» Assigned task
Restate word for word the lines of the entries below, starting with the line that holds "Your vehicle may" and ending with the line that holds "For details, consult", and no others.

══ Materials provided ══

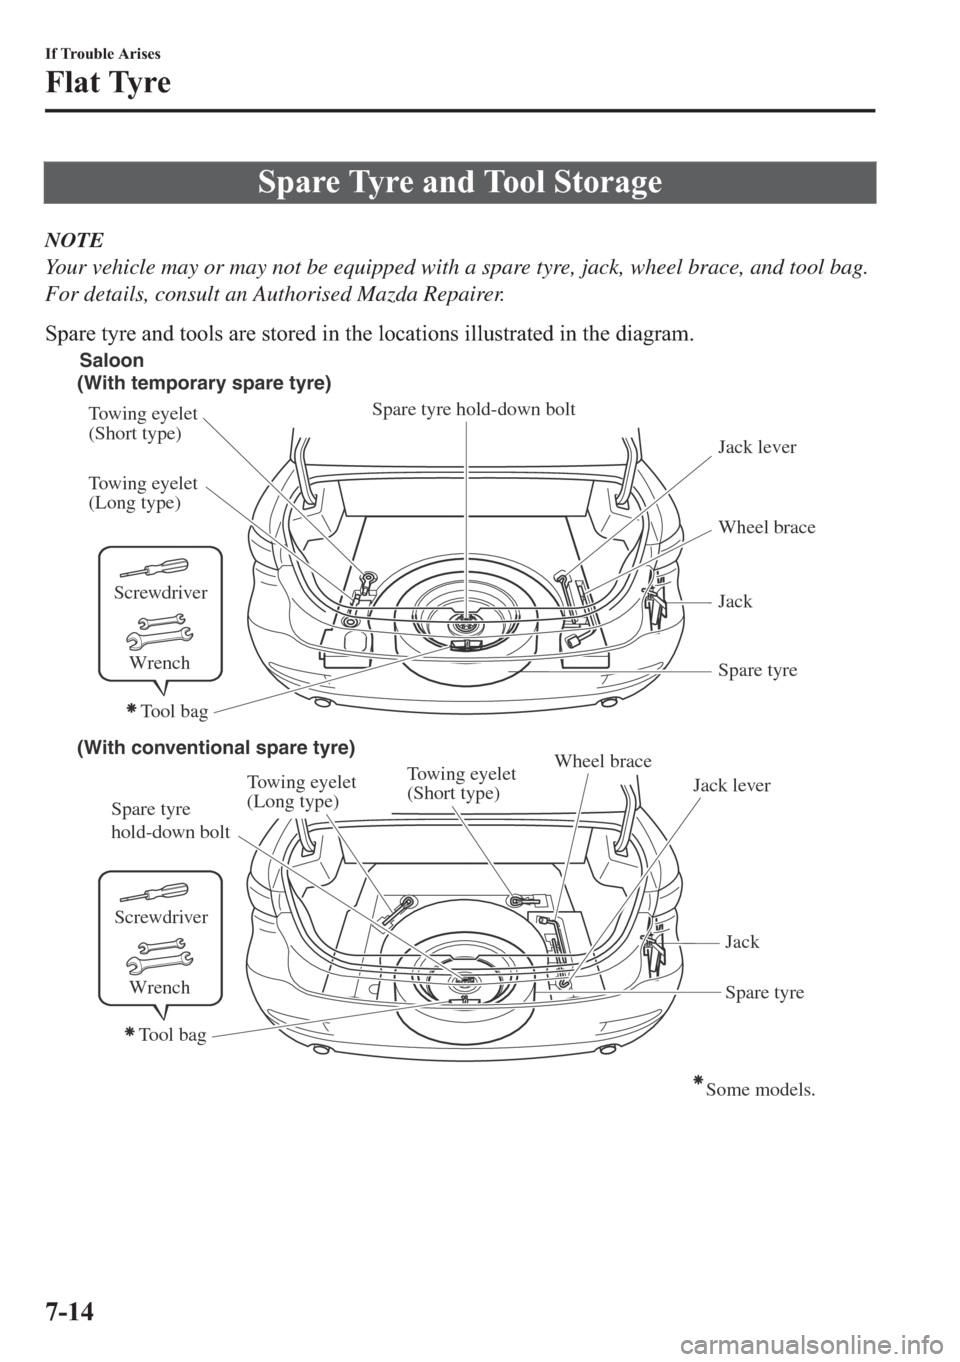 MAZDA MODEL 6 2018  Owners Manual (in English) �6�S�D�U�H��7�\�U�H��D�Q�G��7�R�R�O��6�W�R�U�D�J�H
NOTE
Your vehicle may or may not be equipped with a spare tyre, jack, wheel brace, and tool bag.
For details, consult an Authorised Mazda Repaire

═══
══ Materials provided ══

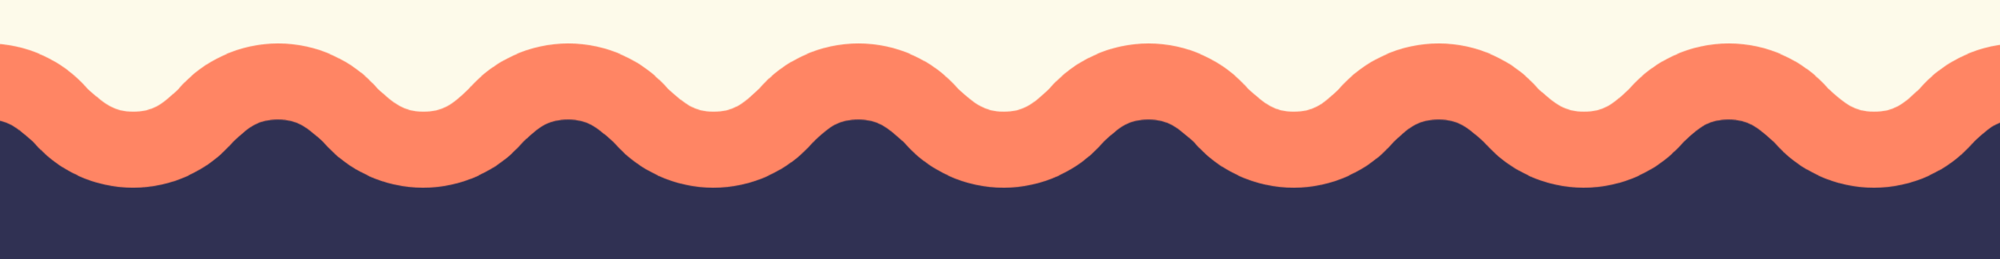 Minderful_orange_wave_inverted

═══

» Result
Your vehicle may or may not be equipped with a spare tyre, jack, wheel brace, and tool bag.
For details, consult an Authorised Mazda Repaire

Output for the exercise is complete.